Proposed development fails as vote to extend UDB falls short

Despite a 6-5 favorable vote on Dec. 15, Miami-Dade County Commissioners fell short by a single vote needed to extend the Urban Development Boundary (UDB) in West Kendall.

Bitterly opposed by environmental and UDB preservation activists, passage would have allowed a commercial center to spring up on agriculturally zoned acreage at the corner of SW 88th Street (Kendall Drive) and SW 177th (Krome) Avenue.

The property borders the farthest residential and commercial currently underway in western Miami-Dade County.

At stake was a Comprehensive Development Master Plan (CDMP) amendment that would have allowed development on a 61-acre bean field designated within a wellfield protection zone for Miami-Dade’s largest underground aquifer that supplies drinking water countywide.

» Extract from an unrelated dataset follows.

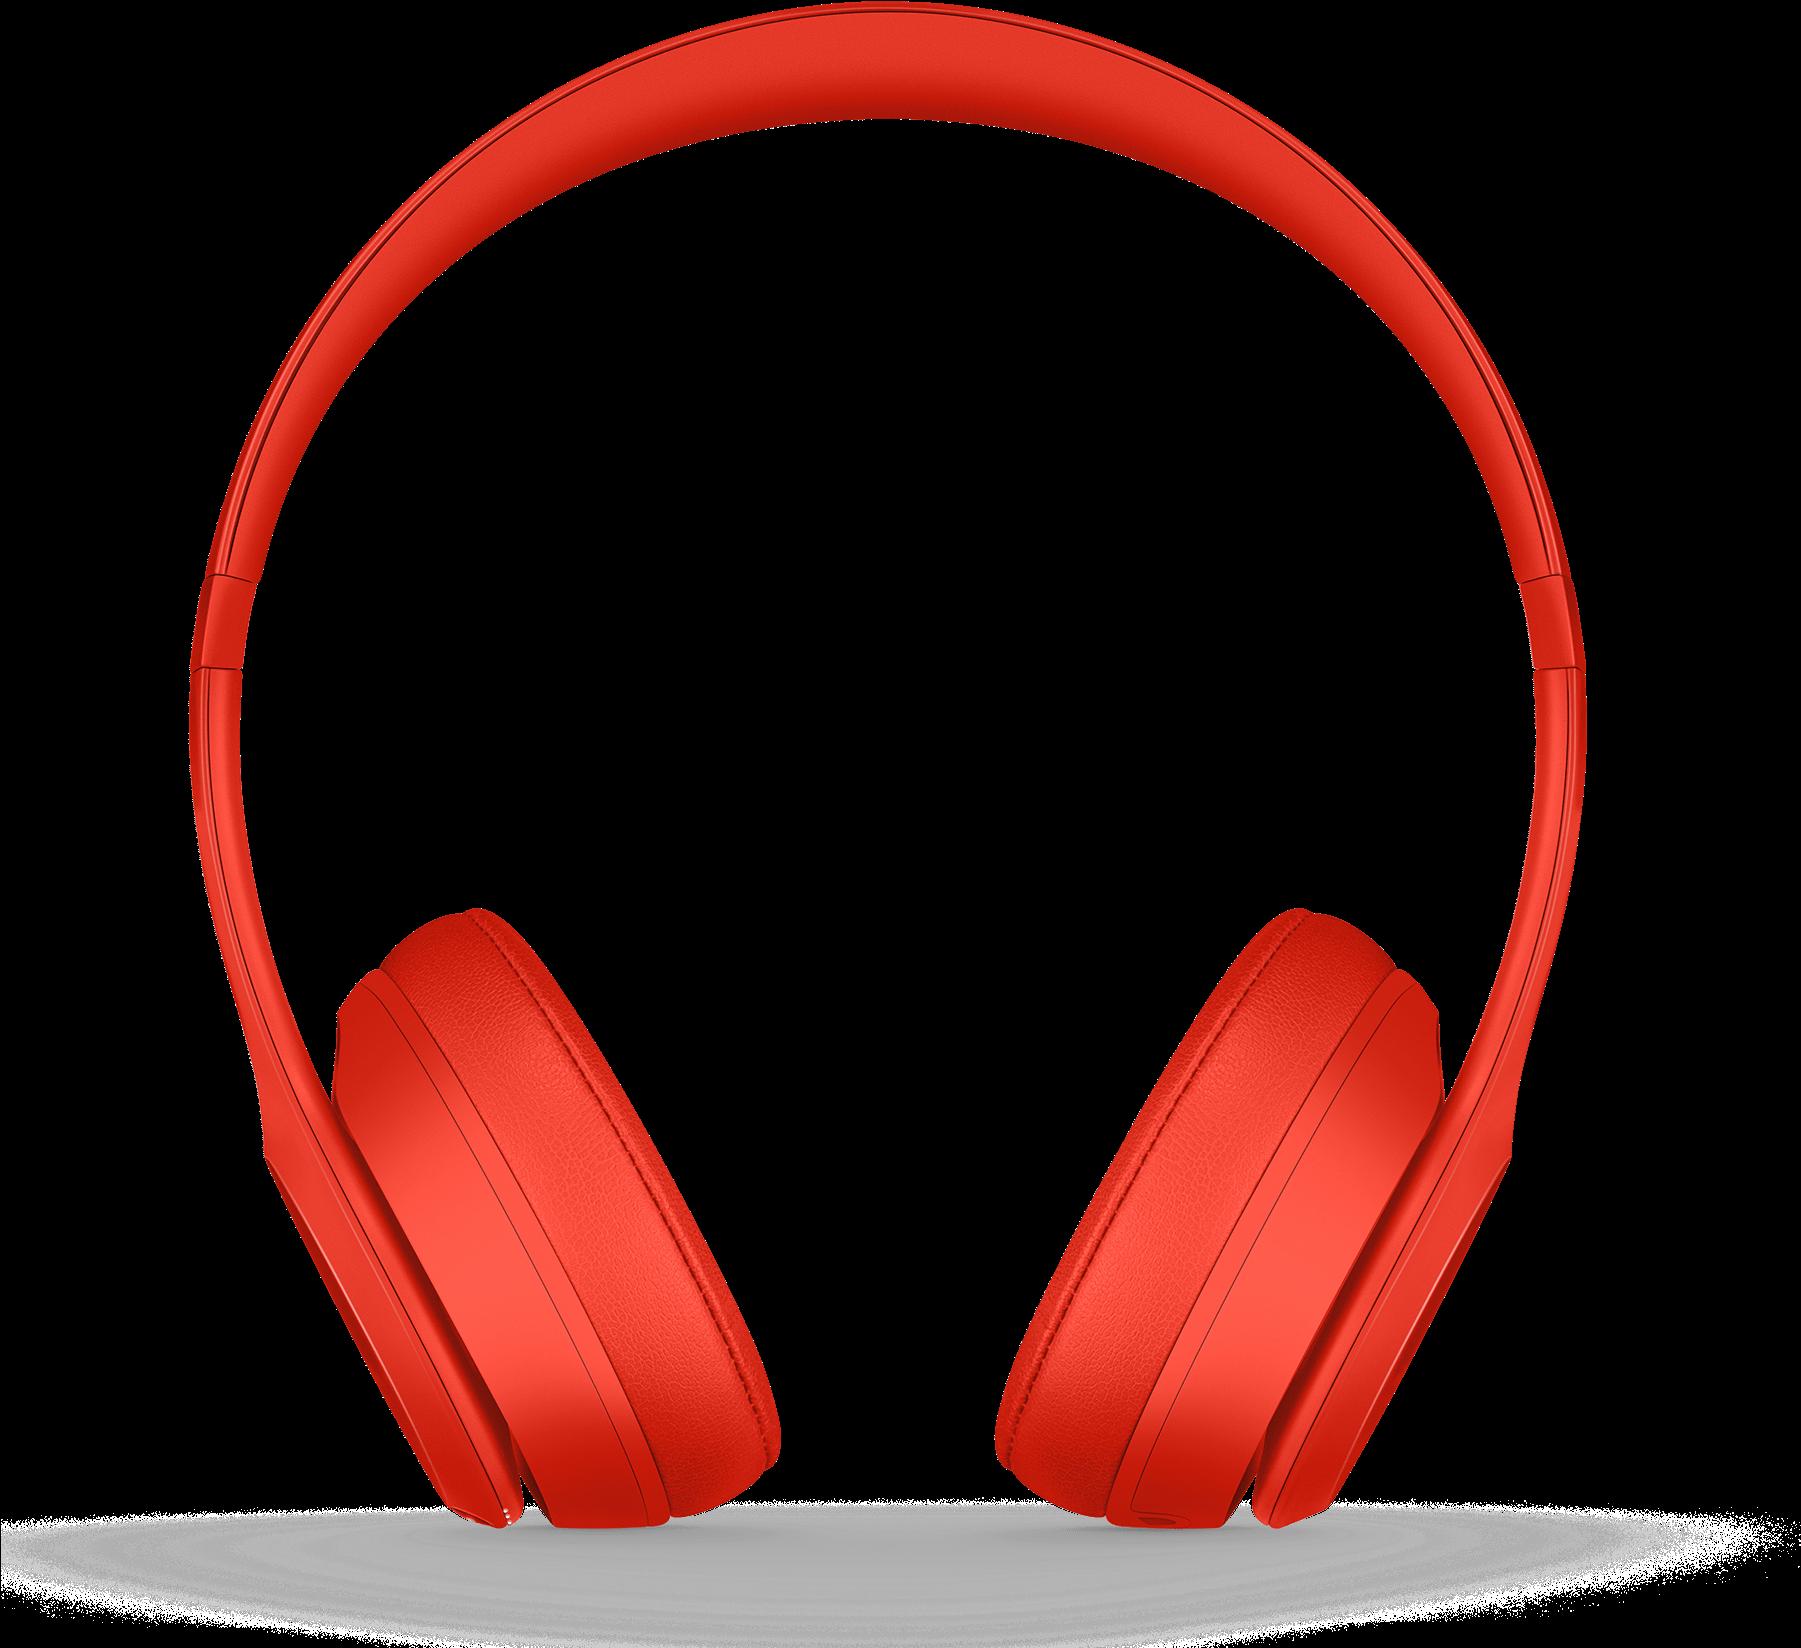 Transparent cartoon music solo. Headphone clipart headphone beats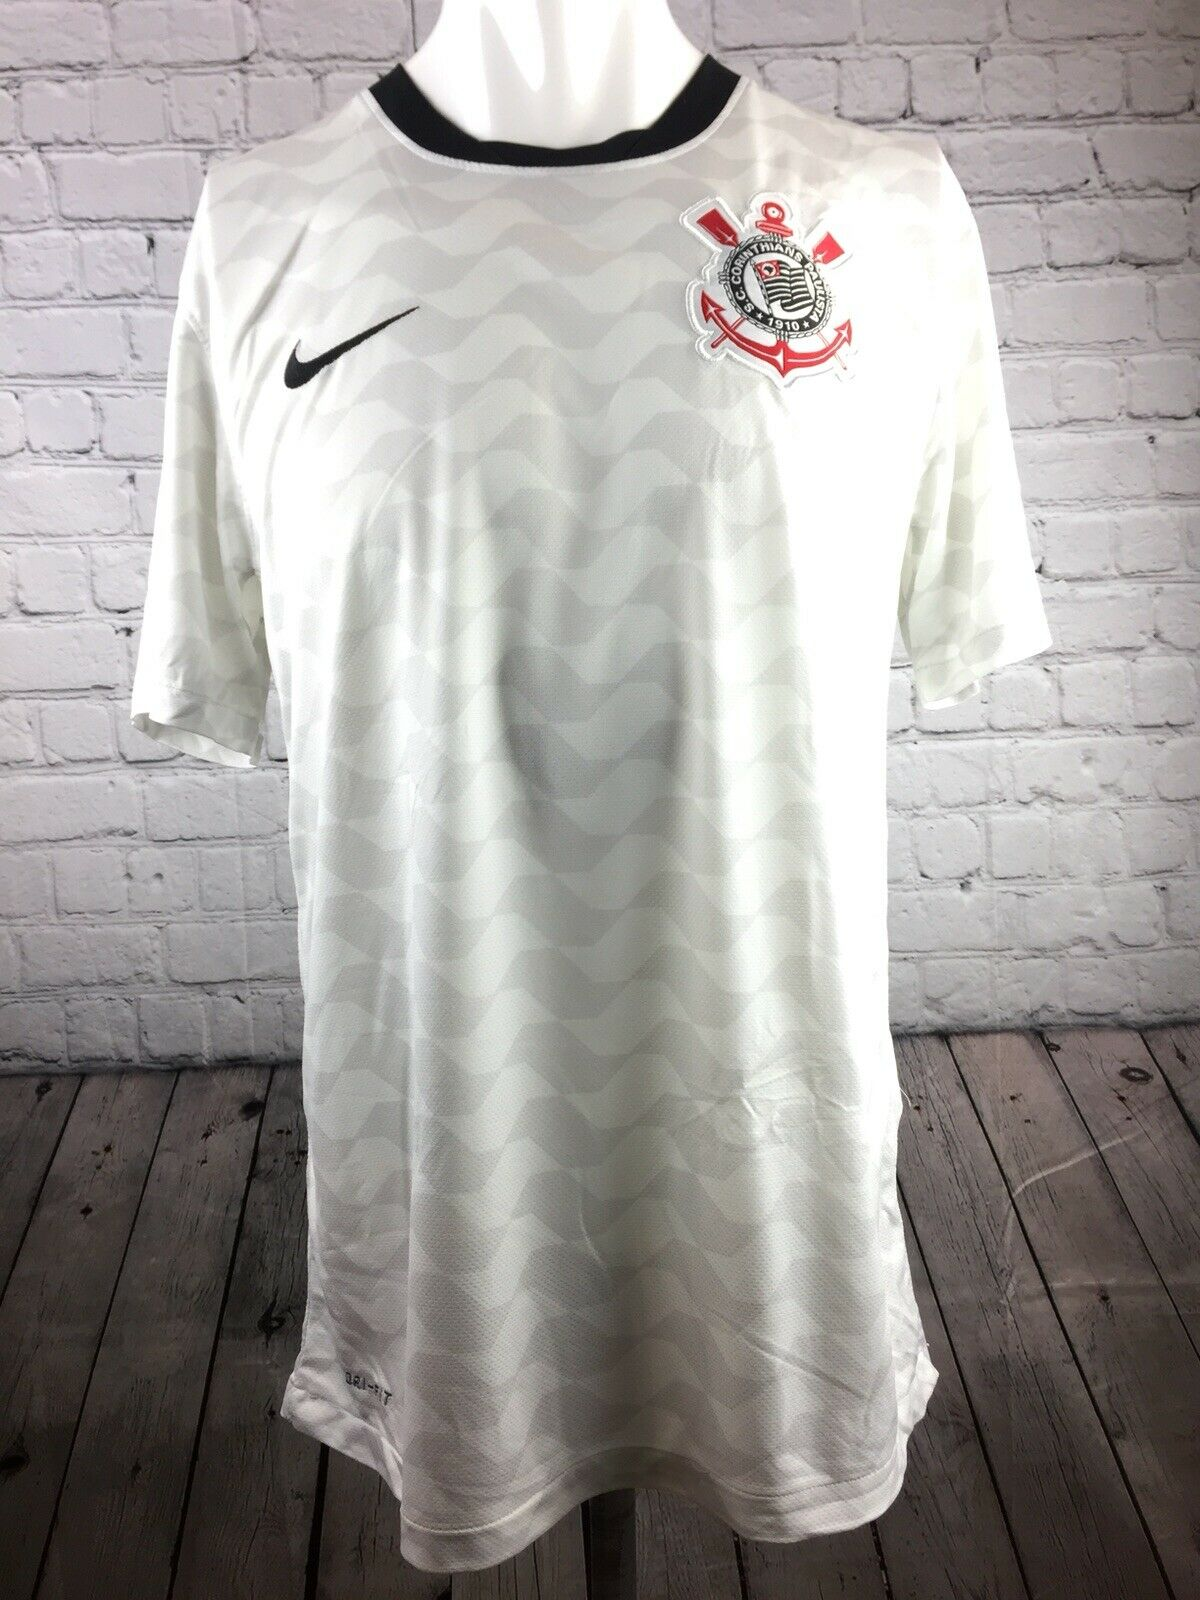 Corinthians paulista Camiseta De Fútbol Home  Kit de tamaño mediano. Brasil 9 Nike en muy buena condición.  marca

With a simple majority of seven of 13 commission votes needed to move the UDB, a 6-5 count failed on District 11 Commissioner Juan Zapata’s motion to forward the proposal for a state review with a negative recommendation, seconded by Commissioner Barbara Jordan.

The five “no” votes that blocked that decision were cast by Commissioner Daniela Levine Cava, Audrey Edmondson, Dennis Moss, Rebeca Sosa and Xavier Suarez. Commissioners Sally Heyman and Jean Monestine were absent when the tally was taken.

Julie Dick, staff attorney at the Everglades Law Center, a nonprofit firm dedicated to preserving the natural landscape of Florida, keynoted objections for the project’s wellfield location, encroachment on the Everglades National Park ecosystem and inconsistency with CDMP protection against sea level rise.

“This is an industrial site on top of our wellfield,” she declared, adding that future predictions of sea level rise would increase the potential of contamination without any development of the property.

County planning chief Mark Woerner told commissioners that “there is no need for urban expansion at this time,” adding “there is an adequate supply of land within the UDB” for such development.

The application was backed by its owners that included Rodney Barreto, a lobbying firm, and Sergio Pino, one of the most active residential builders in West Kendall, both donors to commission races and Mayor Carlos Giminez’s campaigns.

Less than a month before, commissioners on Nov. 18 turned down a CDMP change that would have created a “Green City” residential and commercial development on 850 acres at the northeast corner of Kendall Drive and Krome Avenue, losing by a 5-5 count on a similar Zapata motion for state review.

While outside the UDB line, the area is slated for future growth if the UDB is moved farther west. A second motion by Zapata later defeated the proposal outright, 8-2.

At the same session, the commission rejected a shopping plaza that required approval for its location within the current UDB in West Kendall’s Horse Country at SW 56th Street and 127th Avenue.